# [THE TASK]
A verbatim repeat of the lines below is required, with the pictures removed.

# [GIVEN INFORMATION]
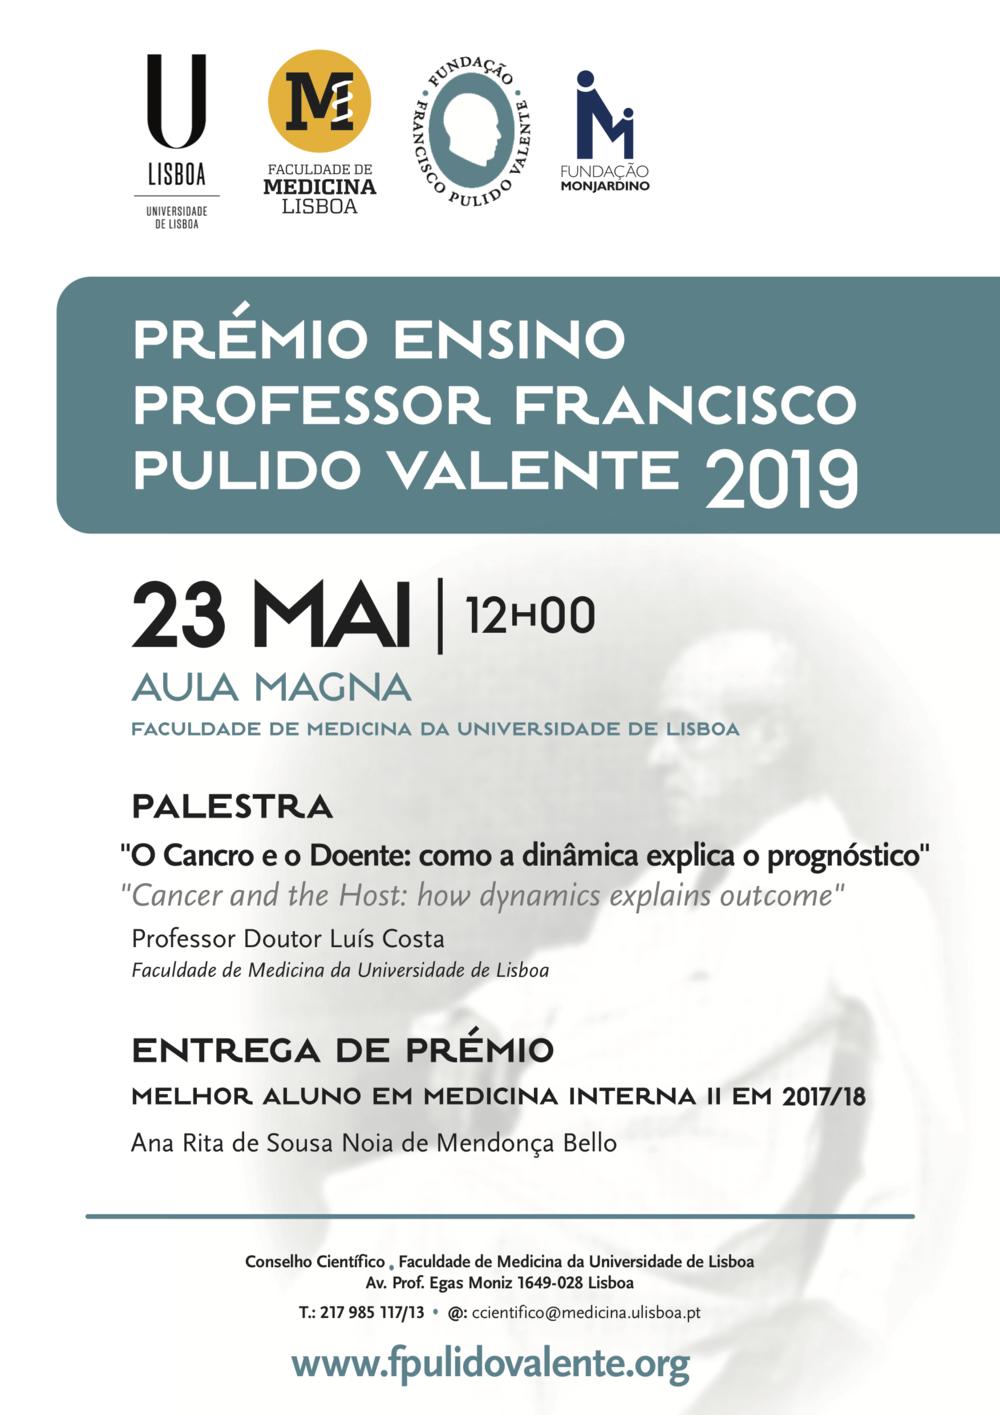 PremioPulidoValente2019.png
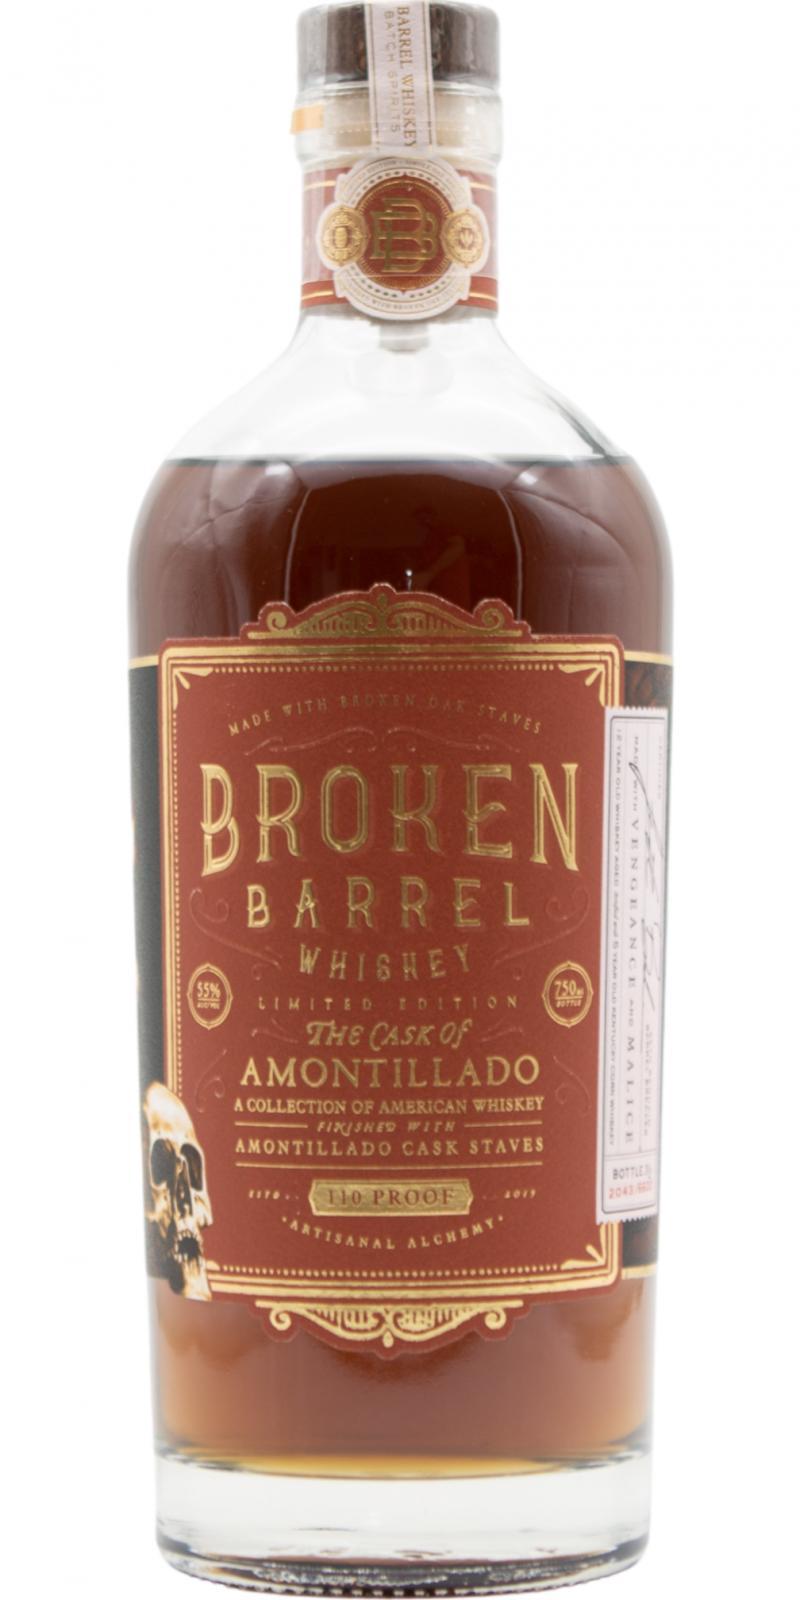 Broken Barrel The Cask of Amontillado
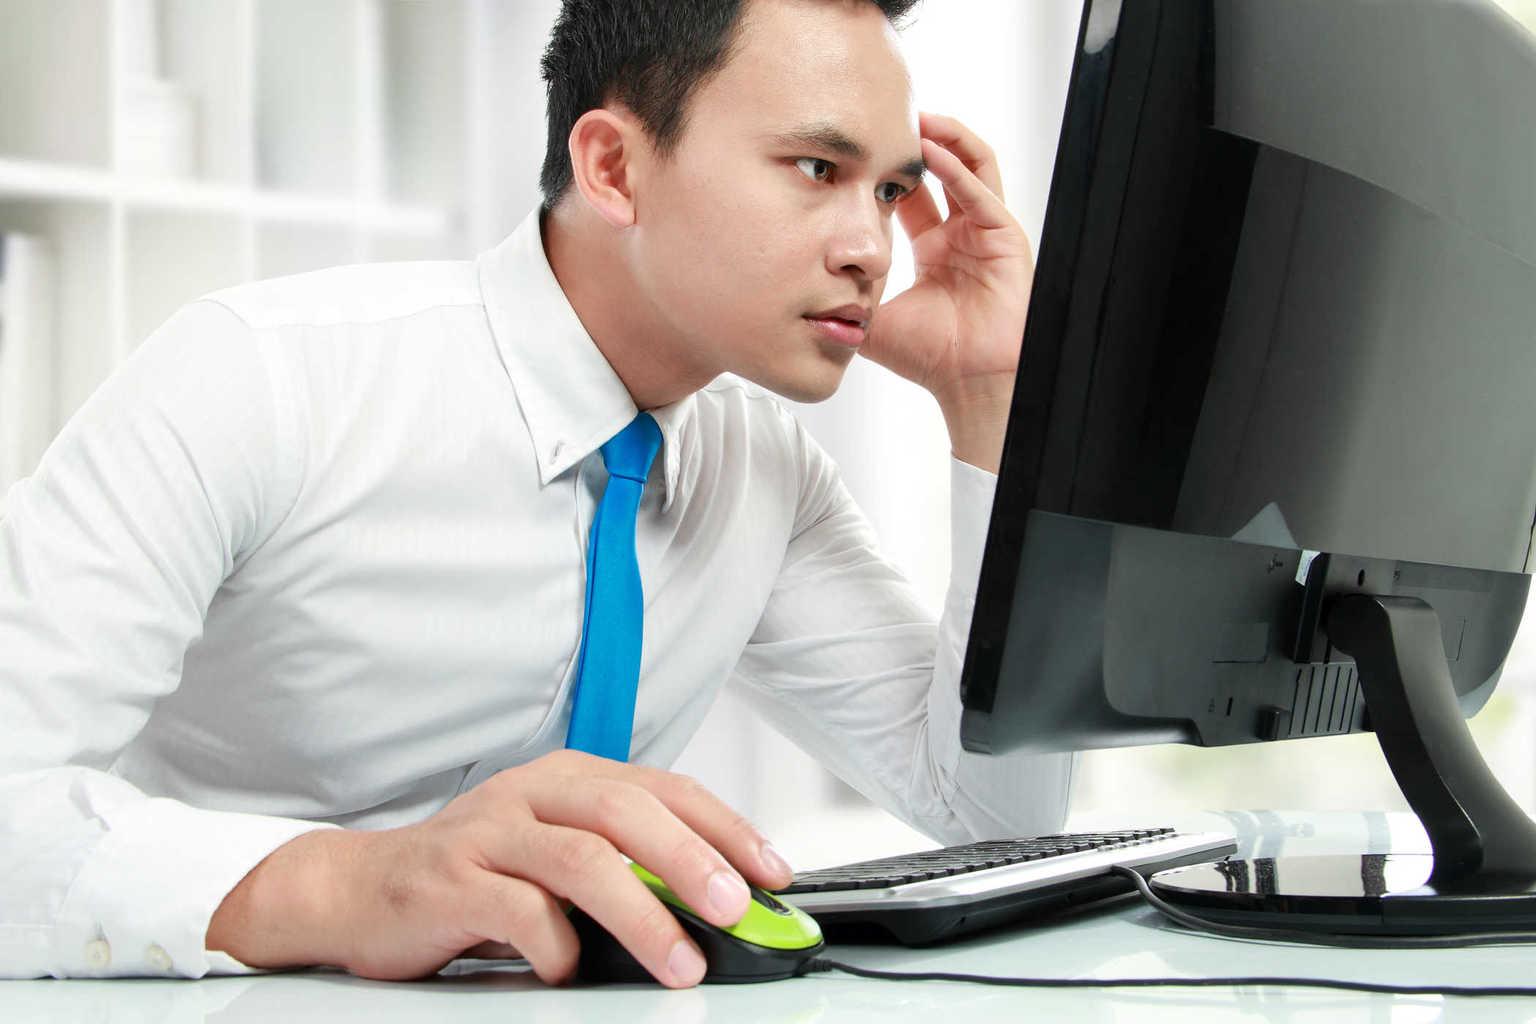 Bahaya Terlalu Lama Duduk di Depan Komputer dan Pencegahannya

# [ANSWER SPACE]
 PremioPulidoValente2019.png
 Broken Barrel The Cask of Amontillado
 Bahaya Terlalu Lama Duduk di Depan Komputer dan Pencegahannya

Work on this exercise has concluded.